“Eles tiveram acesso ao que há de mais atualizado em termos de atendimento pré-hospitalar. A educação continuada é fundamental nessa área, visto que os conhecimentos passam por constantes atualizações, visando a aplicação de técnicas cada vez mais eficientes. São as ações realizadas pelo primeiro atendimento que são decisivas para a evolução do quadro da vítima, na medida em que o socorrista identifica e corrige situações que colocam em risco a vida. A corporação se entende no contexto das urgências e emergências a partir do momento que ela capacita os profissionais de acordo com a legislação que regulamenta esse serviço, Esse curso vem fortalecer o que preconiza a legislação”, afirmou a subtenente Perla Vieira, enfermeira e instrutora do curso.
O curso contou com a participação de 22 bombeiros e 50 horas de aula, entre teóricas e práticas. Foram abordados no curso temas como “Avaliação primária e secundária”, “Imobilização de membros”, “Emergências clínicas”, “Atendimento ao parto iminente”, “Obstrução de Vias Aéreas por Corpo Estranho” (popularmente conhecido como engasgo), “Atendimento a paciente de Parada cardiorrespiratória (PCR) adulto e pediátrico”, entre outros.

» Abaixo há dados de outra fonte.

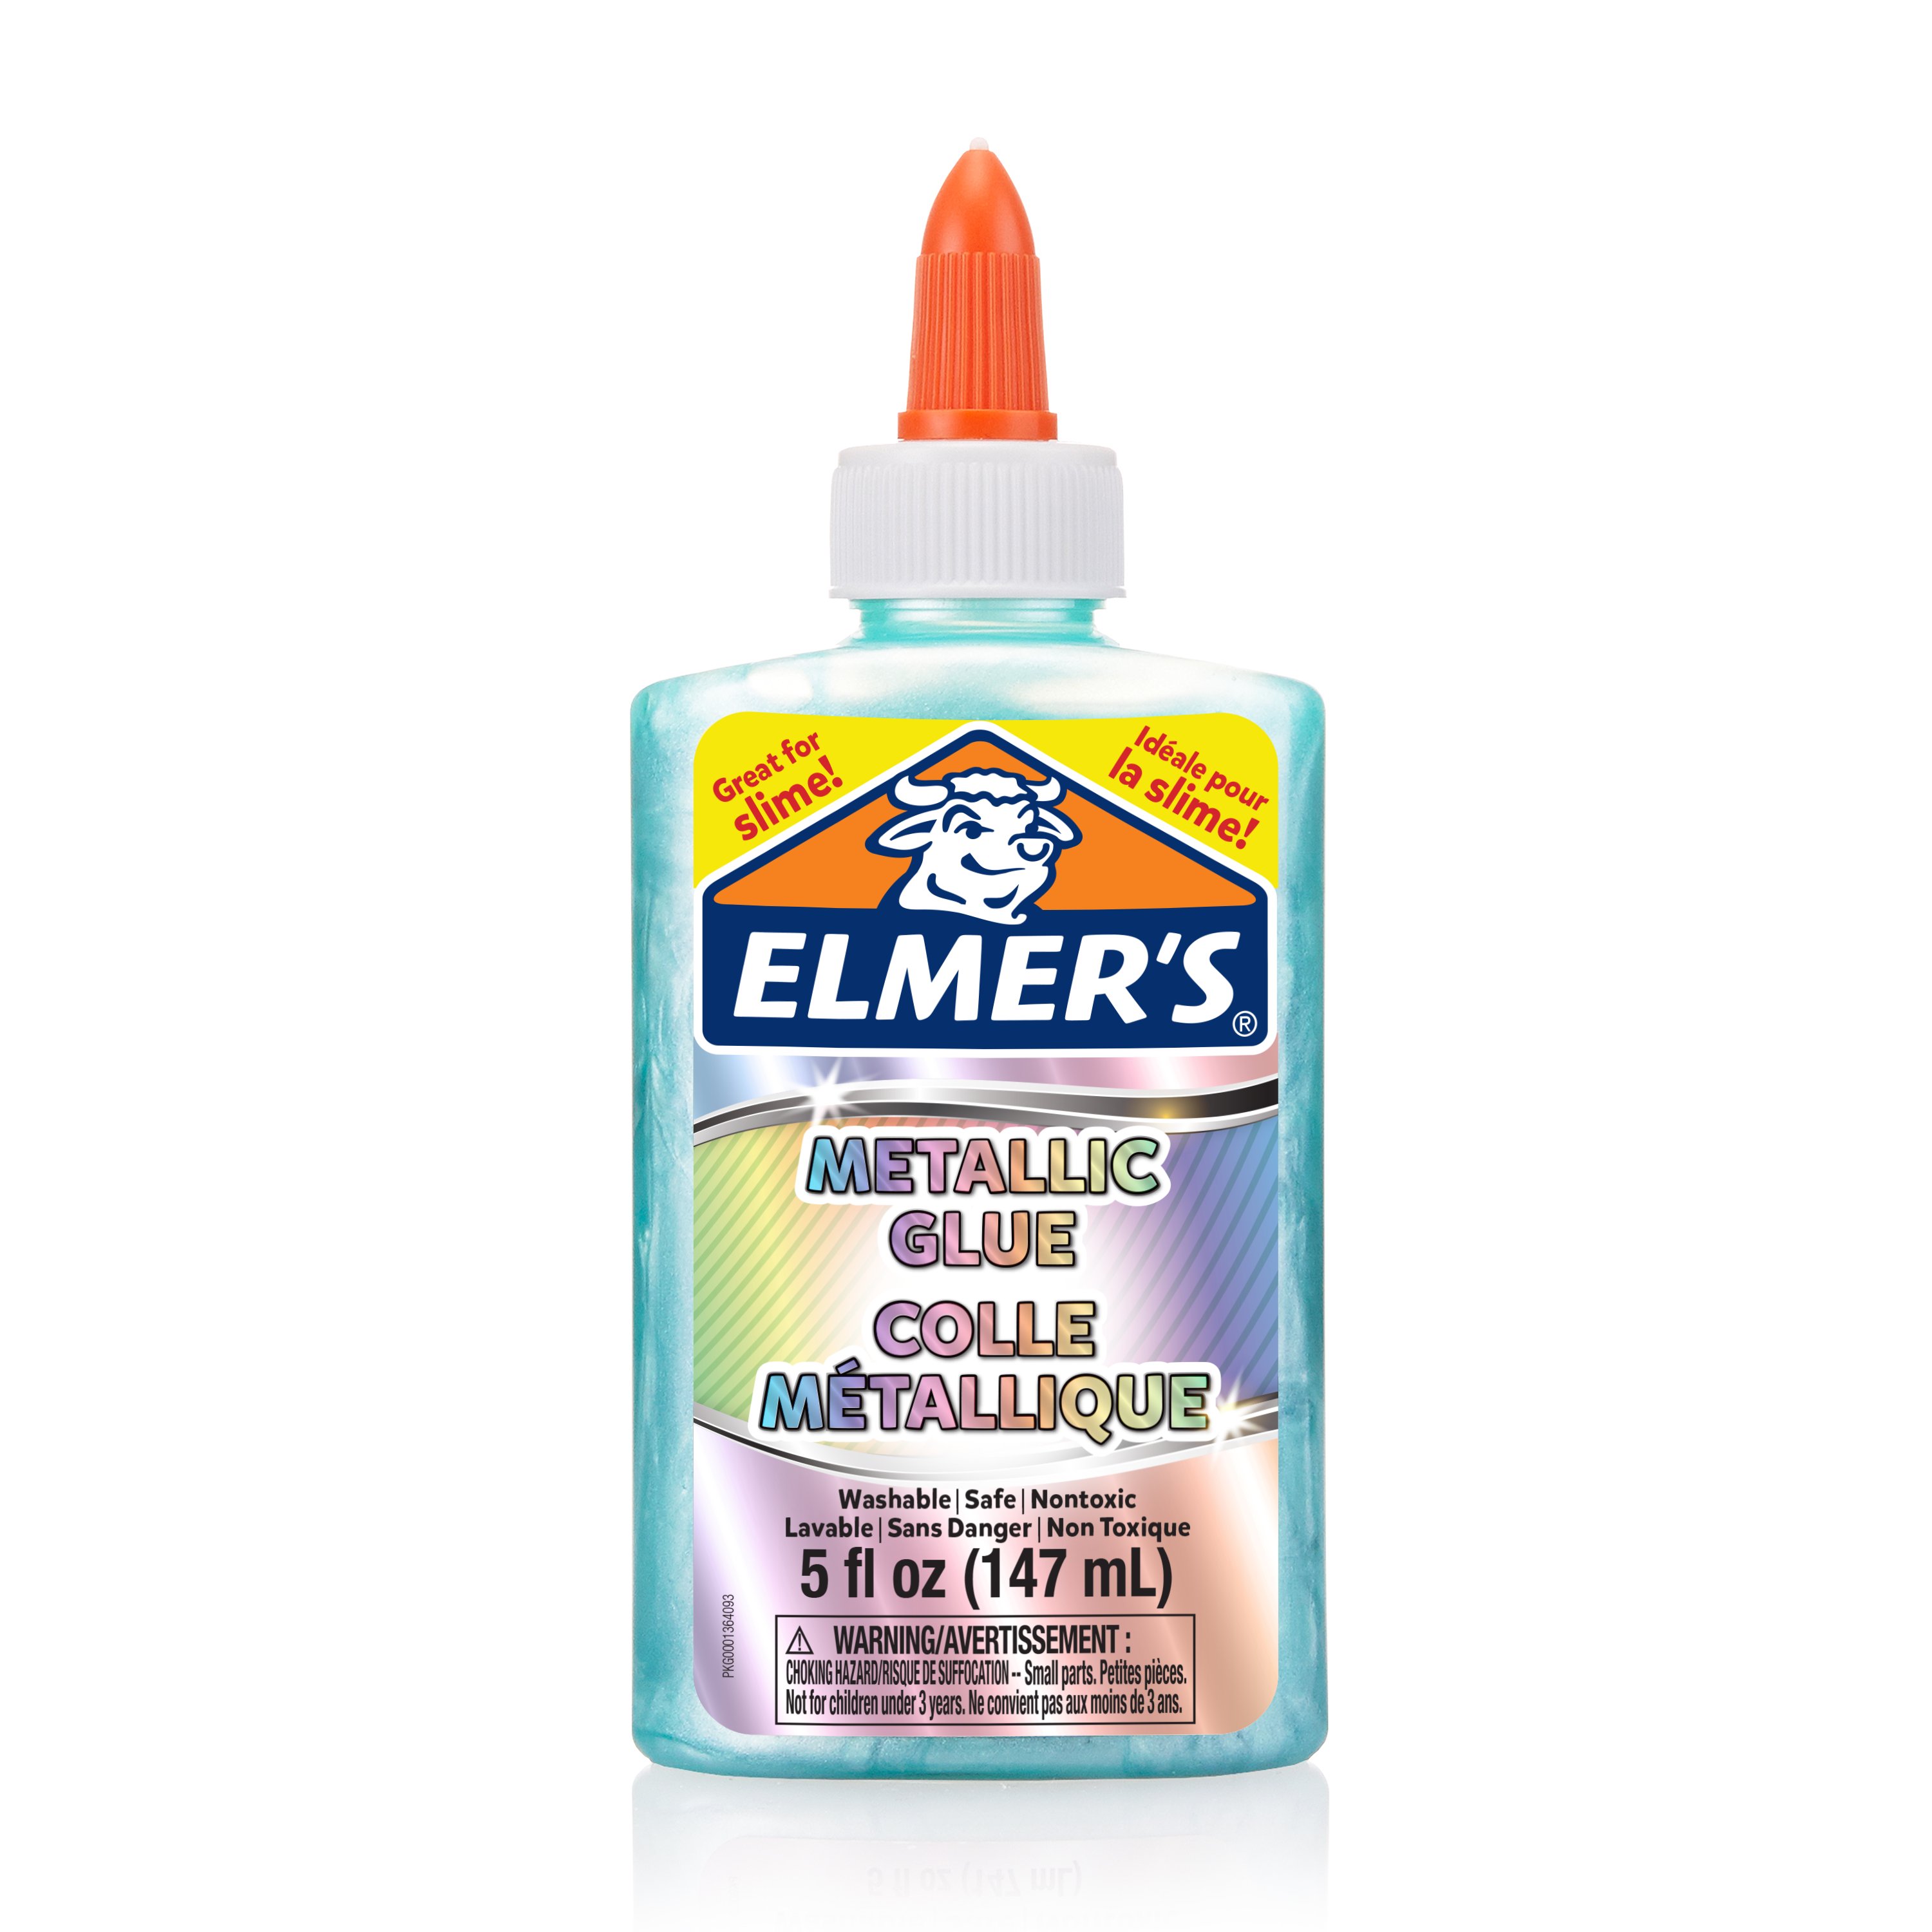 Elmer's Glue Glitter Glow in the Dark Paint Pour DIY Home Decor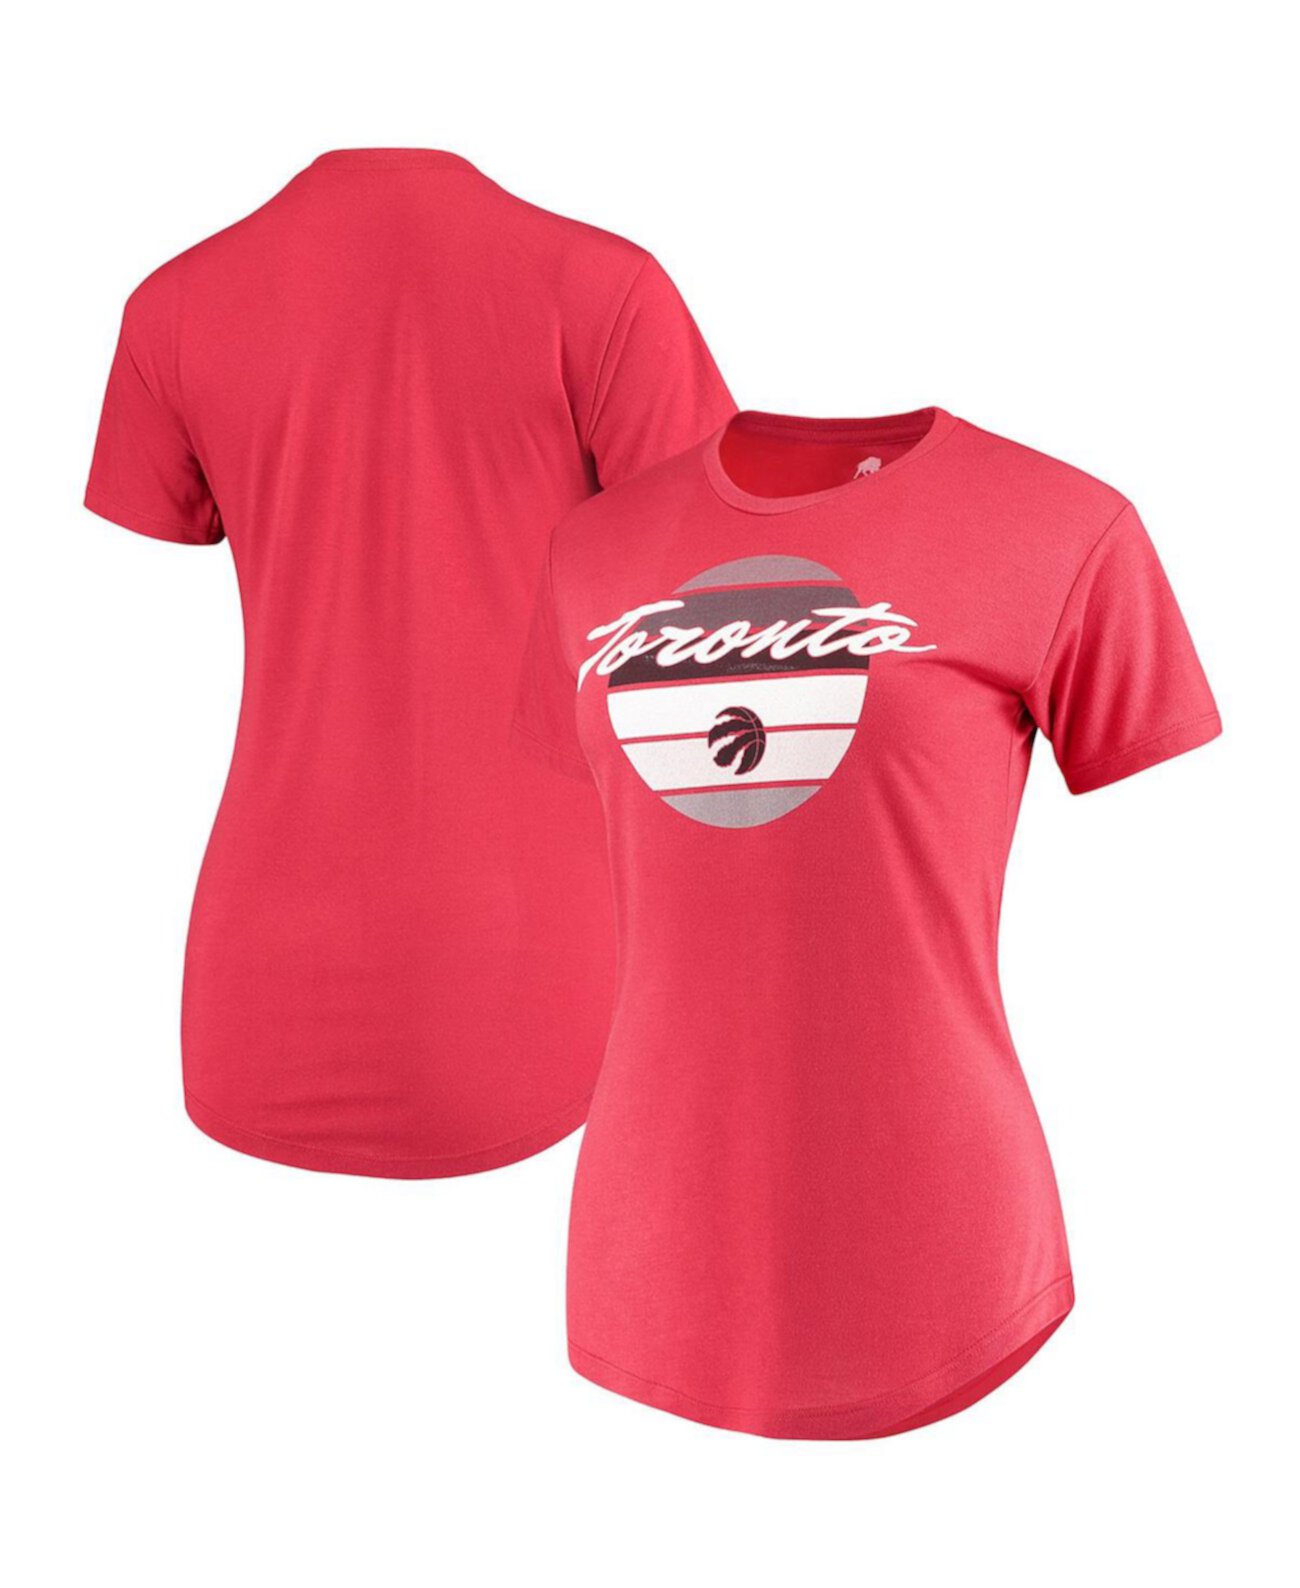 Женская красная футболка Toronto Raptors Phoebe Super Soft Tri-Blend Sportiqe

“Para nós instrutores e monitores, o resultado foi muito positivo. Foi uma semana intensa, com aulas manhã e tarde, mas a cada instrução foi possível ver no rosto dos alunos o interesse, a sede de conhecimento. Com isso não tenho dúvidas de que vamos ver o reflexo no atendimento à sociedade. O objetivo foi alcançado, de passar a base do atendimento pré-hospitalar, com informações atualizadas para que os bombeiros estejam preparados para desempenhar o seu papel no contexto das urgências e emergências”, explicou a soldado Manuella Pimentel, também enfermeira e instrutora do curso.
O soldado Davidson Araújo, guarda-vidas da corporação, falou sobre a importância do curso. “A atuação do guarda-vidas é fundamental não só no resgate da vítima do meio aquático, mas a realização dos primeiros socorros também é determinante para salvar vidas. Vale destacar que o guarda-vidas não atua apenas em ocorrências de afogamento. No cotidiano das praias e áreas de banho, também atendemos traumas e outras intercorrências clínicas. Esse nivelamento é essencial para reforçar conhecimentos e preparar o profissional para decisões rápidas e adequadas, influenciando diretamente no desfecho do atendimento e na preservação da vida”.
Já a soldado Kelly Gardênia havia participado do primeiro curso e fez questão de ser voluntária para ser multiplicadora no quartel de Itabaiana. “Decidi participar novamente porque acredito que esse conhecimento precisa sempre ser reforçado e atualizado. As ações do suporte básico de vida fazem muita diferença na vida das pessoas e senti essa diferença já no primeiro curso. Voltar foi uma forma de continuar me preparando para prestar um atendimento cada vez melhor para a sociedade sergipana”, concluiu a bombeira.